I first heard of GreenBytes about a year ago when they were showing off a prototype data deduping NAS box based on Sun Microsystem's ZFS and X4540 "Thumper" appliance. The hardware platforms have changed, but GreenBytes is now shipping a pair of general purpose deduplicating NAS boxes that combine inline deduplication with the virtues of a new generation file system now running on industry standard hardware.

The designers of the first generation of deduping products rightly focused on the backup market, where conventional products rewarded administrators who created multiple copies of their data. The backup market was low hanging fruit for deduplication, not only because of the amount of duplicate data in most organization's backup data sets, but also because backup was a batch process, allowing vendors to dedupe as a post-process.

While GreenBytes would be happy if you bought their GB-X boxes as a backup target, they're aiming for the bigger general purpose NAS market with data deduplication as a key differentiator. Current primary storage data reduction systems are either using compression alone (StoreWize) or performing deduplication as a post process (EMC, NetApp, Ocarina). Add in that EMC and NetApp's approaches are very conservative, resulting in limited data reduction, and it seems to me that there's a place for a new generation of deduping NAS boxes.

GreenByte's technology is still based on ZFS, although a breakdown in their relationship with SUN has resulted in them renaming it GBFS from the ZFS+.  Since ZFS, like WAFL, locates data across disks as arbitrarily placed blocks, it was a good framework on which to hang block level deduplication. It also means GreenBytes gets to keep the good bits of ZFS including RAID-Z and support for SSDs as log and read caches. GBFS also does LZ style compression to boost data reduction even further.

The hit on ZFS has been that it comes as part of Open Solaris an OS that only a true geek could love and manage. Acknowledging that most files are created from Windows systems, GreenBytes built an MMC based management tool that makes a GB-X system look like a Windows File server, complete with VSS Shadow Copy support so users can restore previous versions of files themselves.The current product line has two models: the single processor (Xeon 5520) GB-2000 with 24 2.5" drive bays and the dual processor GB-4000, which has 10Gig Ethernet ports and can hold 48 little drives. You can expand either with SAS attached JBODs holding 24 or 48 more drives each. Access is via CIFS, NFS and/or iSCSI so it can serve as a file repository for primary data, VMware datastore and archive storage if you don't need retention enforcement. When used as backup targets, GreenBytes claims ingest rates of 650MB/s and 950MB/s respectively.

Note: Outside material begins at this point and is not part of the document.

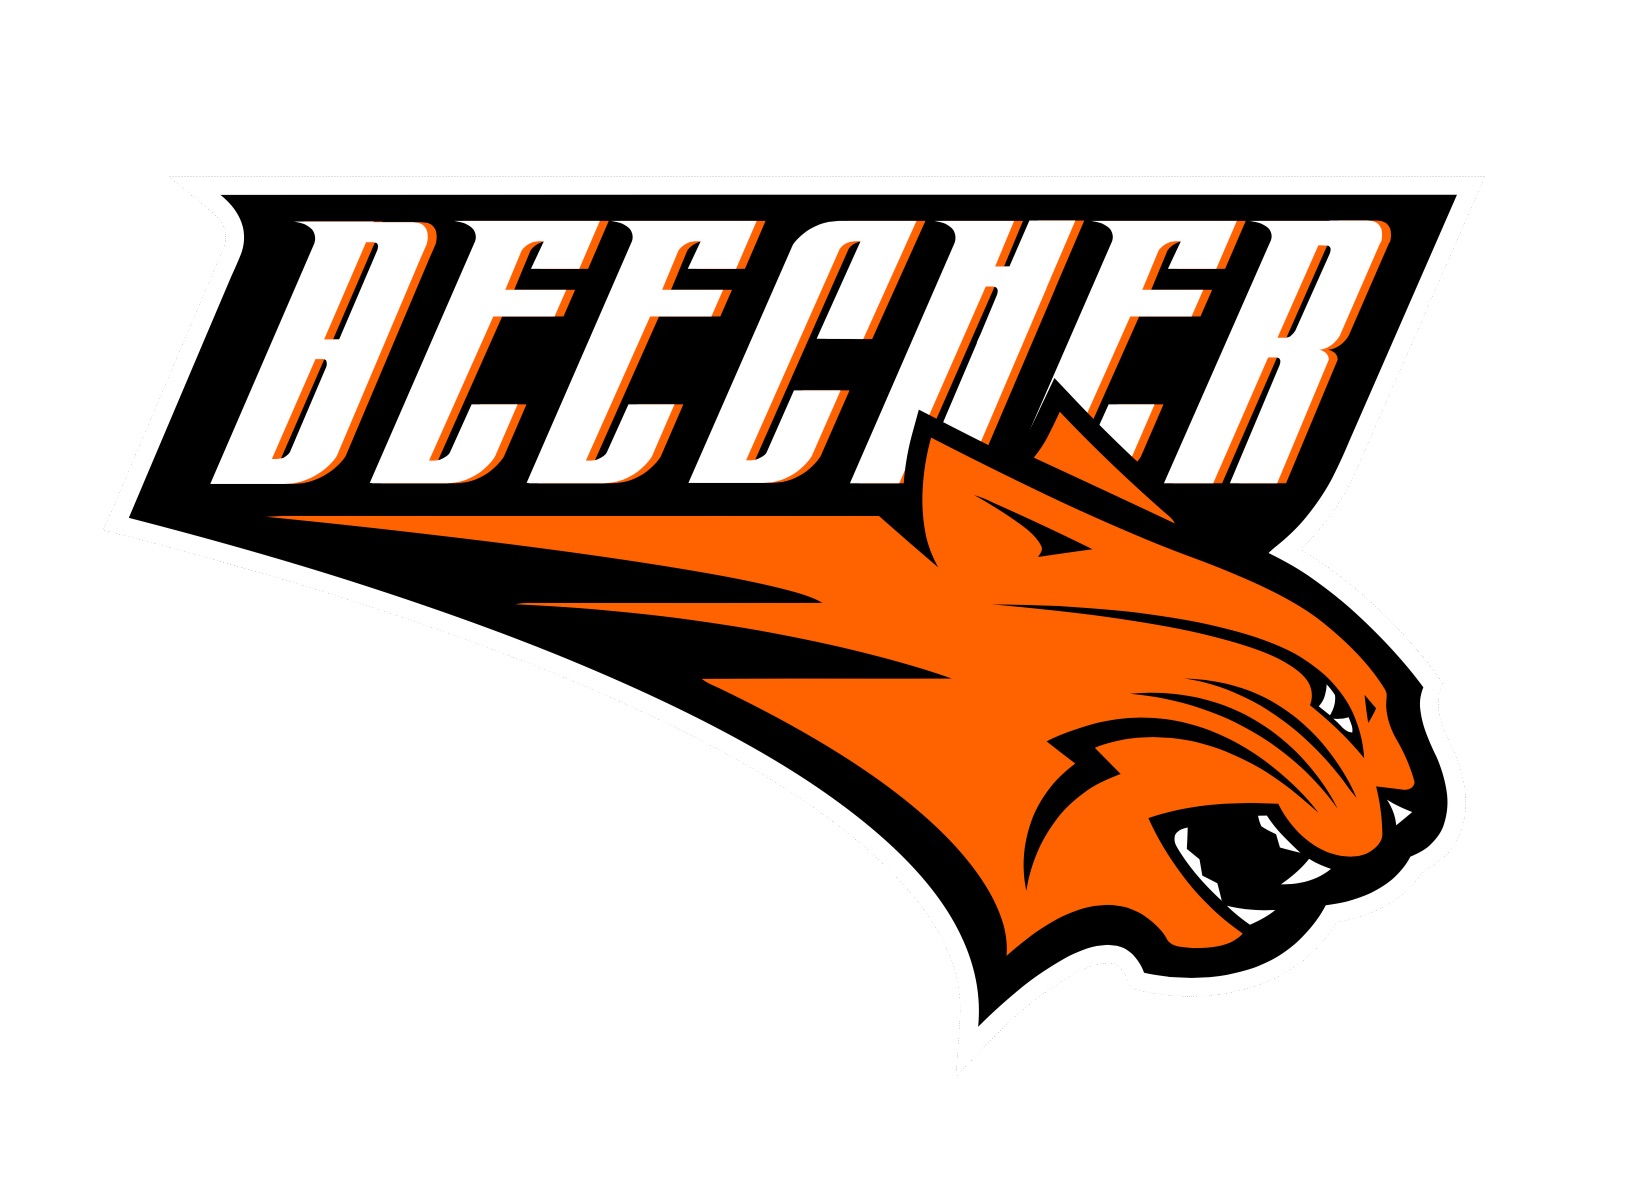 Beecher 200U Logo

I'm looking forward to bringing these puppies into the lab and running them through their paces. Testing backup performance and deduplication ratios, while involved, is pretty straightforward. I'm trying to figure out a good set of tests for file service performance for a deduping system. Conventional benchmarks like IOMeter are useless as they send and read the same data pattern over and over which should all be cached in a deduping system.  What kind of performance metrics would you want for a deduping NAS? Large PPT file save and open time? File Copies? Do you care about random I/O?